_Activity_.
Write the listing out again word for word, skipping each picture.

_Source material_.
*** Begin section ***
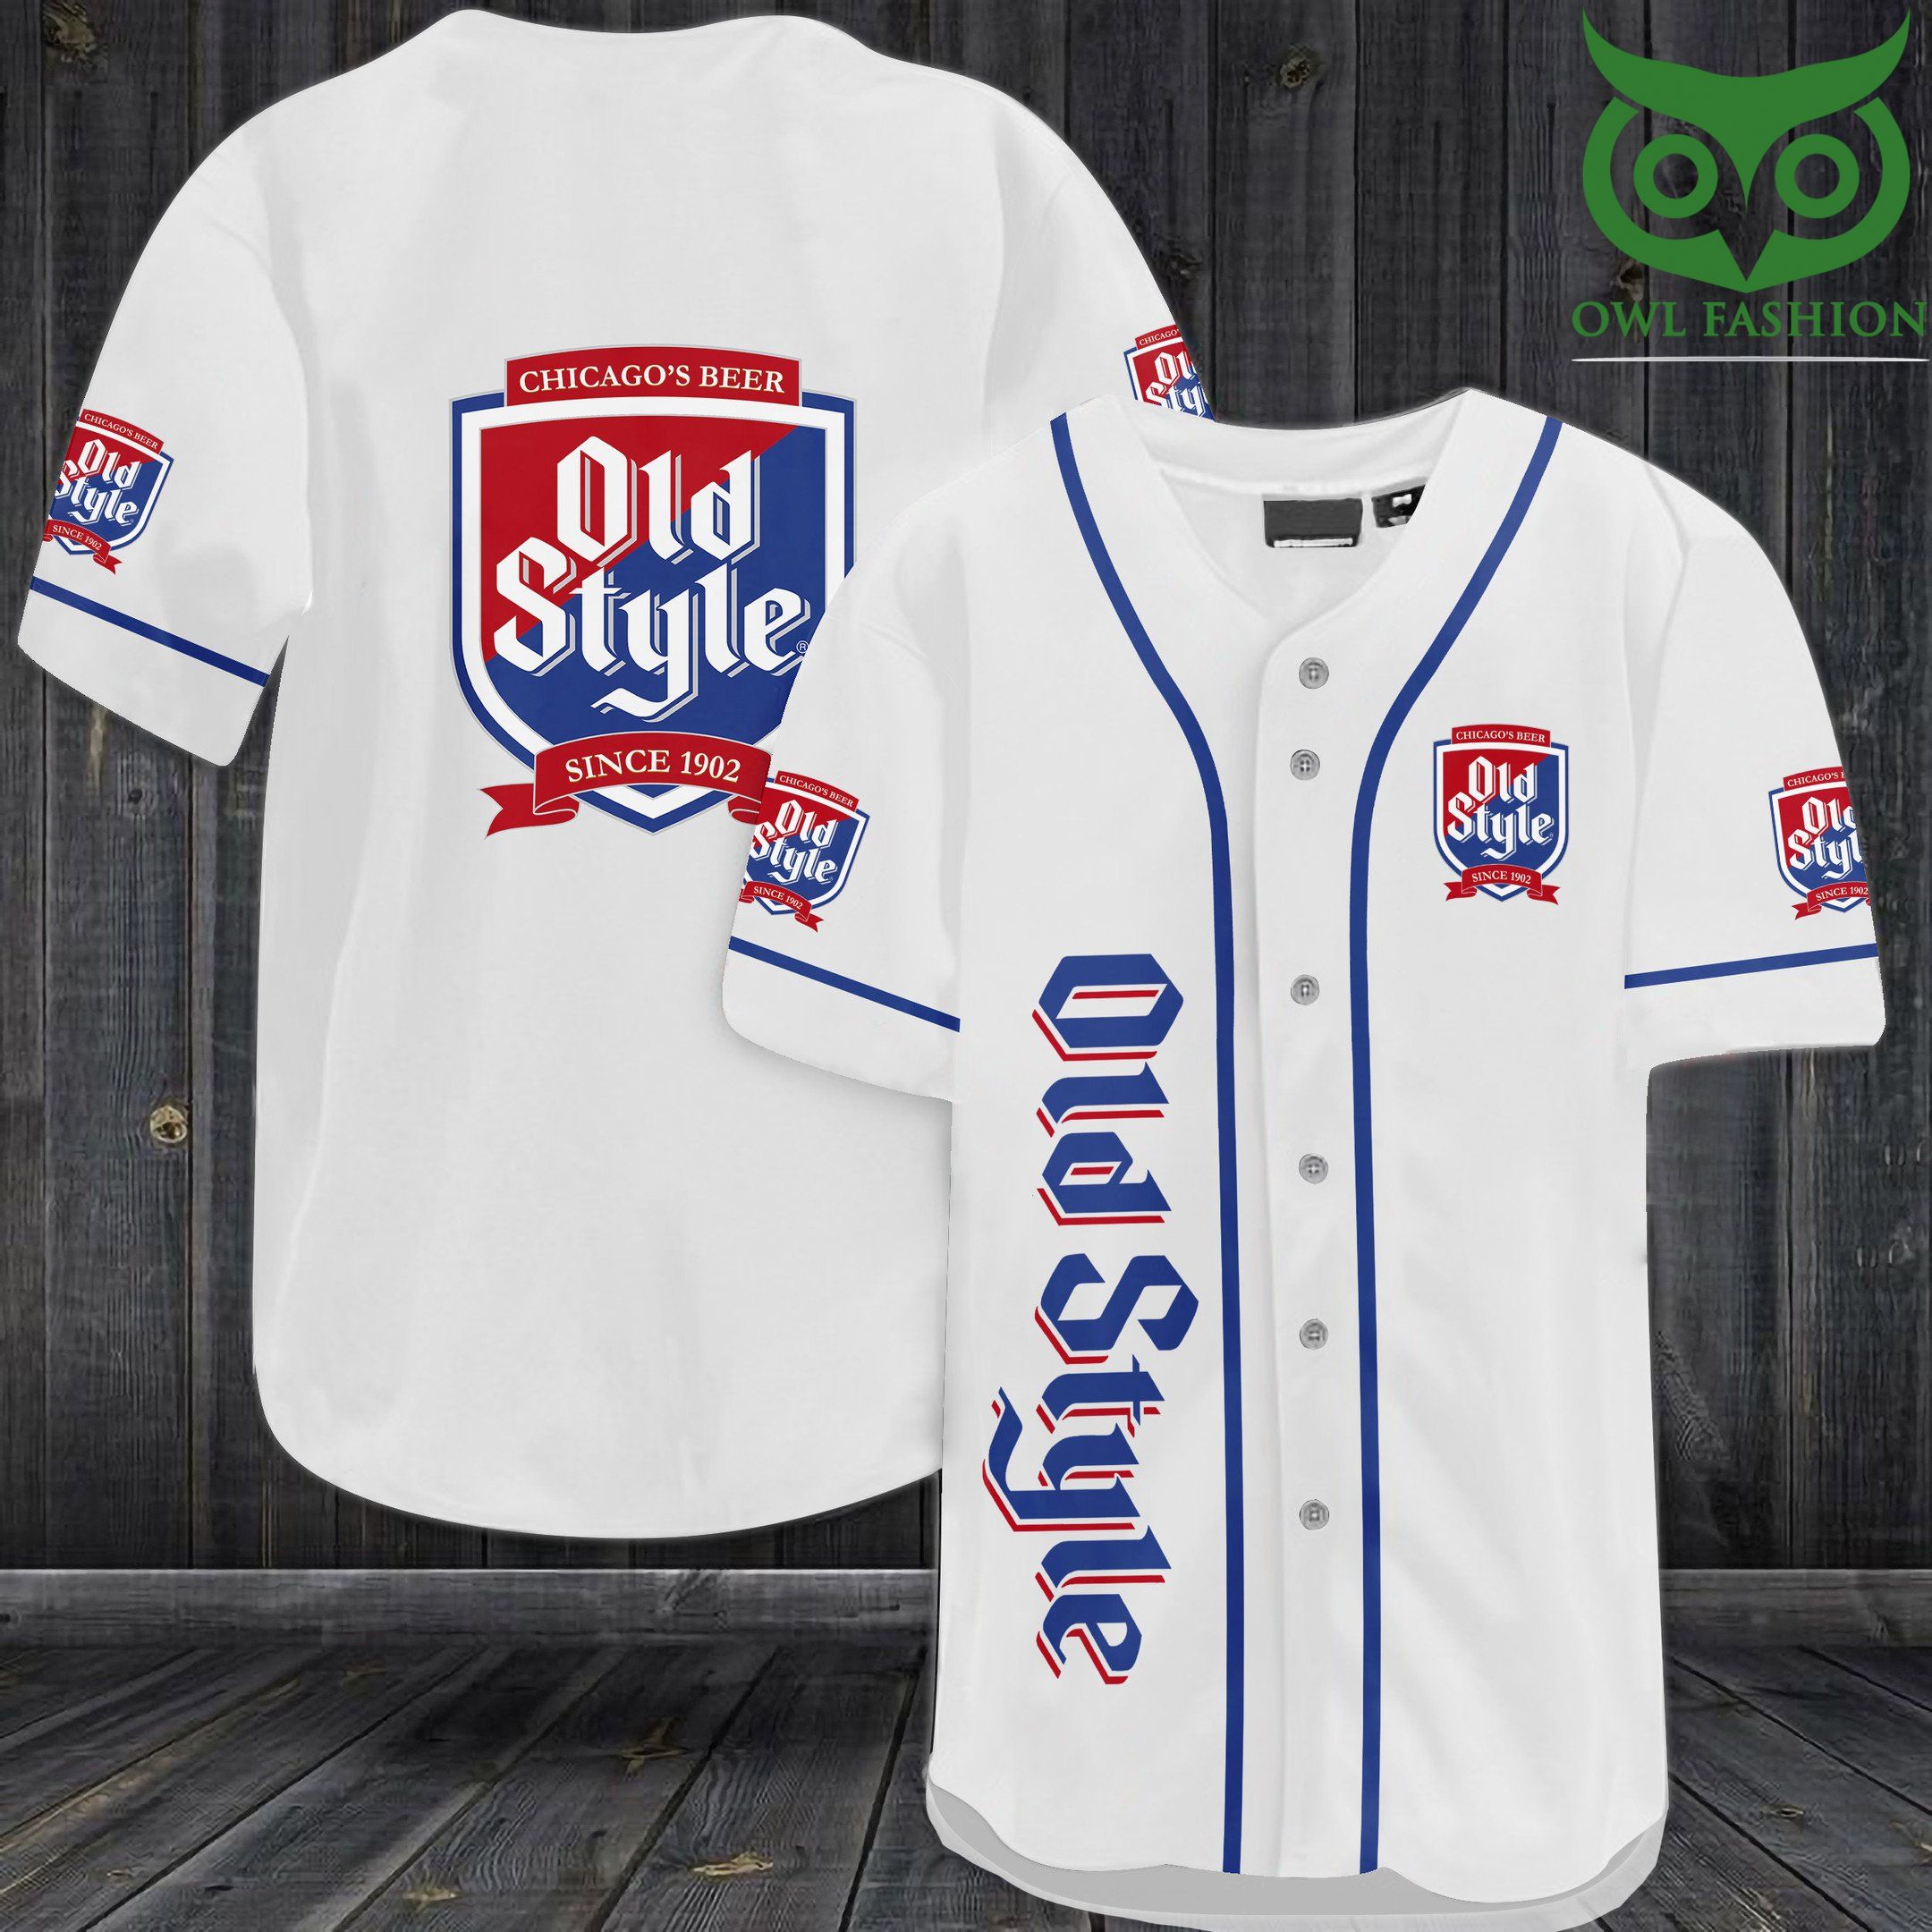 Old Style Chicago beer Baseball Jersey Shirt
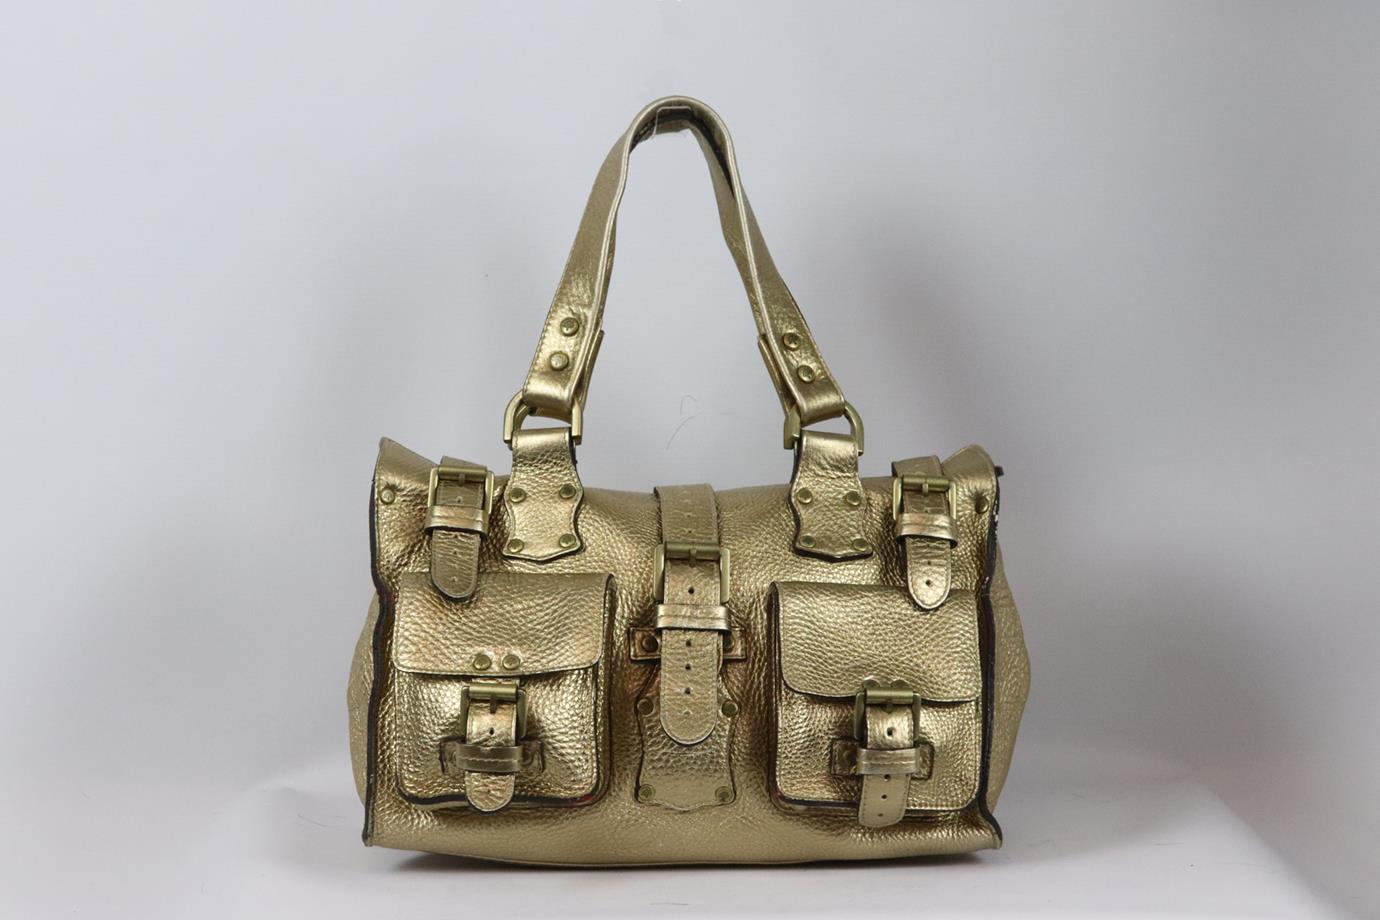 Mulberry Roxanne textured leather shoulder bag. Bronze. Magnetic snap fastening at front. Does not come with dustbag or box. Height: 8 in. Width: 13 in. Depth: 6 in. Strap Drop: 5 in. Fair condition - Marks on back, front, base and handles. Colour
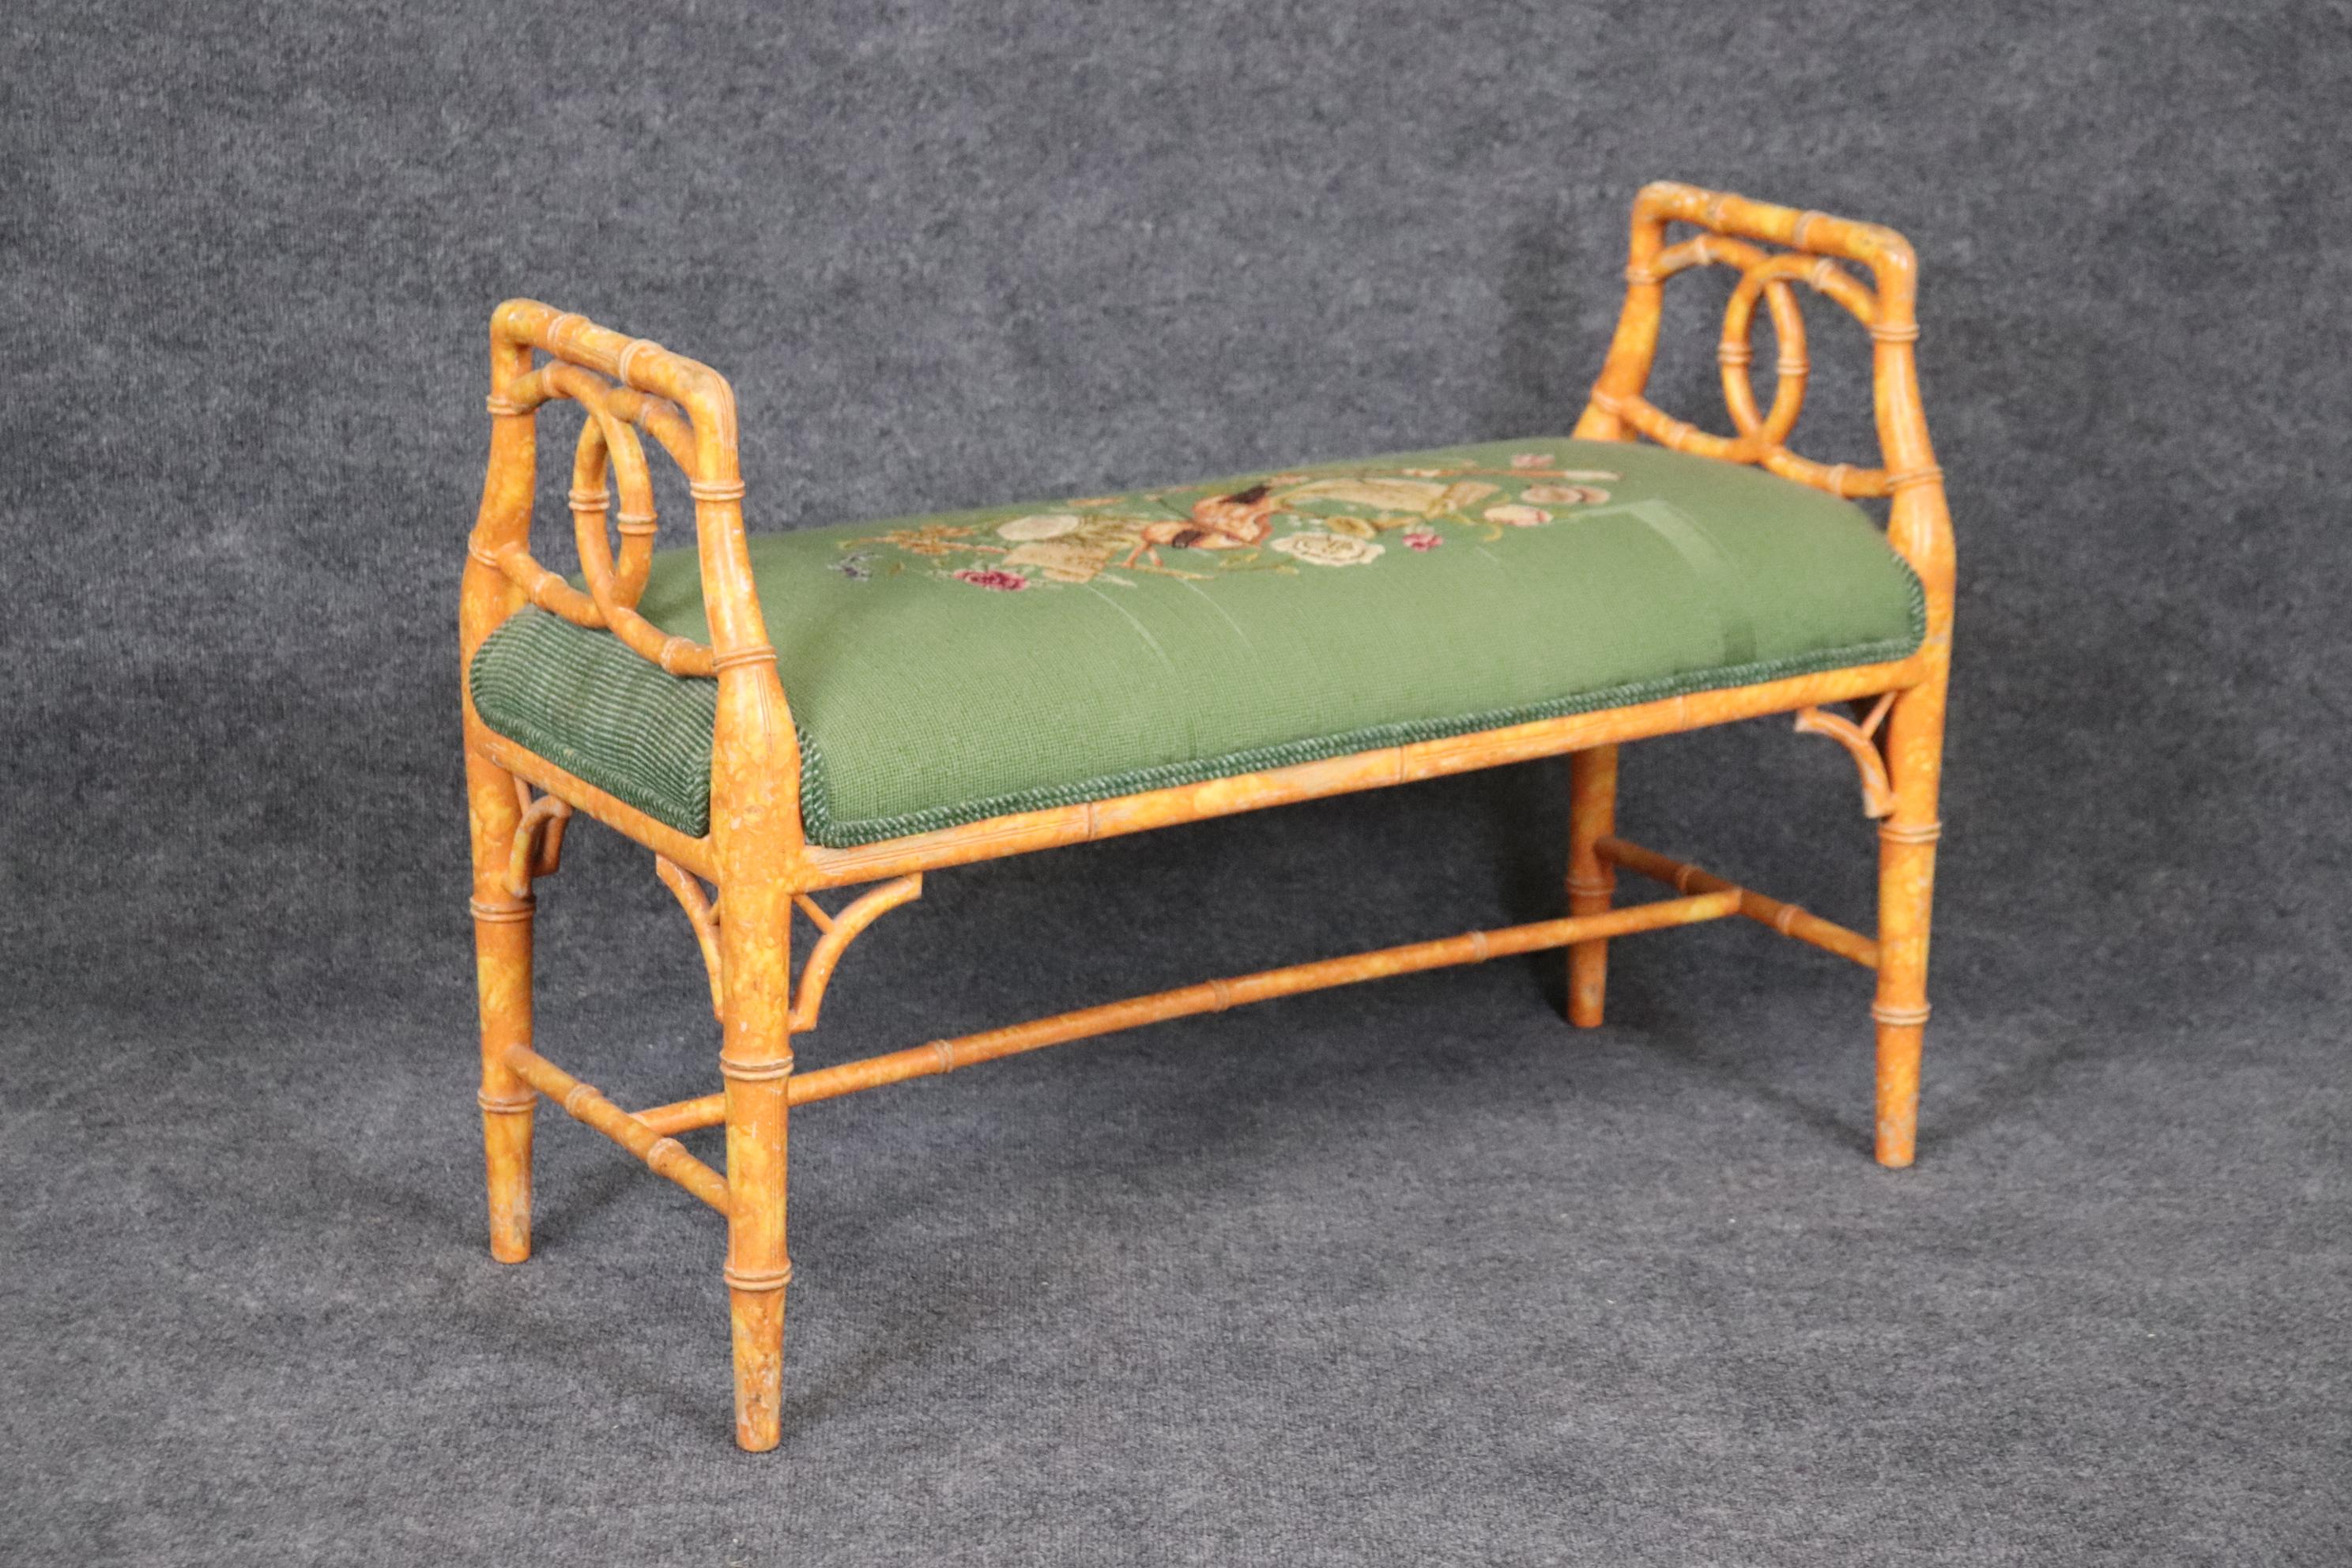 This is a gorgeous faux bamboo bench with needlepoint upholstery depicting volins and musical themes. The bench shows a distressed finish and is original. Measures 25.25 tall x 36.25 wide x 15 deep and seat height is 18.5. dates to the 1950s era
*** End section ***
_Solution to the problem_.
 Old Style Chicago beer Baseball Jersey Shirt
 Mulberry Roxanne textured leather shoulder bag. Bronze. Magnetic snap fastening at front. Does not come with dustbag or box. Height: 8 in. Width: 13 in. Depth: 6 in. Strap Drop: 5 in. Fair condition - Marks on back, front, base and handles. Colour
 This is a gorgeous faux bamboo bench with needlepoint upholstery depicting volins and musical themes. The bench shows a distressed finish and is original. Measures 25.25 tall x 36.25 wide x 15 deep and seat height is 18.5. dates to the 1950s era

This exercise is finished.